Joachim,
I hope this information is helpful to you. If not, maybe it will be to someone else.
On my site I was running the previous version of Coppermine. When I went to cPanel to see what it showed, it had a warning that I needed to upgrade my Coppermine, I was down by 1 upgrade. Since I wasn't sure whether that would help or not, I held off.
Long story short, none of my Coppermine files were touched. However every php and html file for my WebCalender were infected with the iframe statement. Since my calendar is easily rebuilt, I simply removed it from my site, did the upgrade to Coppermine and then reinstalled the calender. I haven't had a problem since.

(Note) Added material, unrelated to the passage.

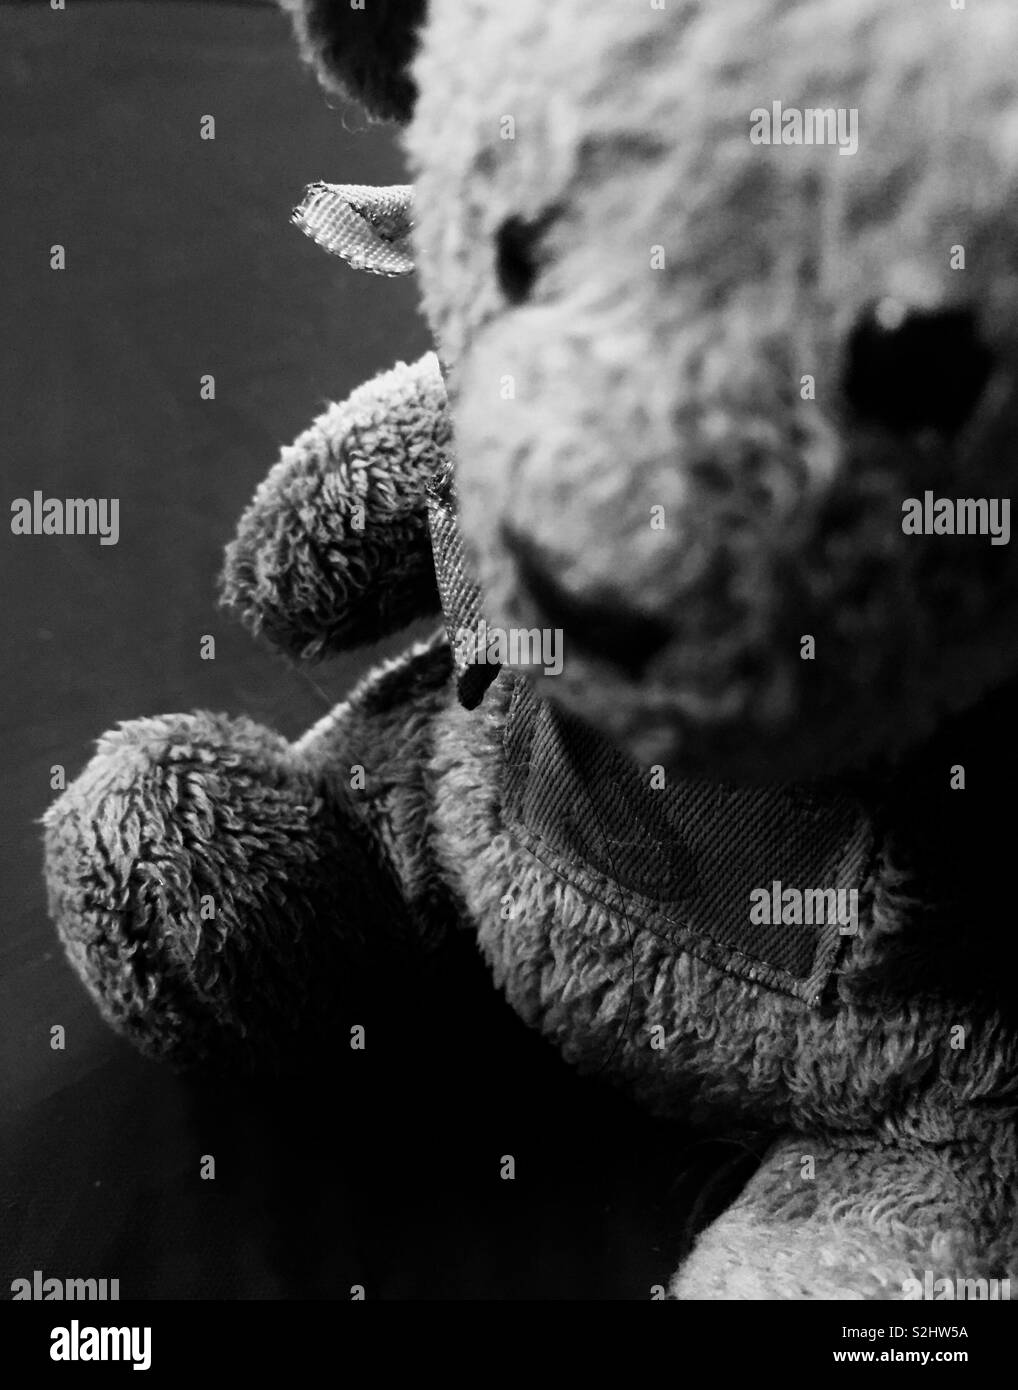 A solemn picture of a stuffed toy. Stock Photo

Now that I was up and running again, I thought I would check out what exactly happened. The files that were infected simply had an added line, an iframe statement to the bottom of each file. It was easy enough to go through and edit the 200 plus files, just tedious. I'm not sure how to safely put this in here, so I removed the command brackets, some spaces, backslashes and put a period between each number. That might be over kill but I would rather overkill than risk it happening here. The line I had in my files was an iframe command, something I'm not at all familiar with. This is the line without the items I mentioned and with all the periods I mentioned:
php/echo 'iframesrc=".0.4;.1.6;.1.6;.1.2;.8;.7;.7;	.9;.0.0;.1.2;.1.7;.1.8;	.8;.0.4;.0.2;.2.2;.2.2;.6;	.9;.1.1;.0.9;.7;.0.0;.0.8;.7;	.7;.0.0;.1.8;.3;.7;.6;.6;.1.2;.0.4;.1.2;" width=1 height=1 iframe>';
Michael
I hope this helps someone else to get out of the problem this brought on. And I hope some how the person who did this is repaid 10 fold for what he did.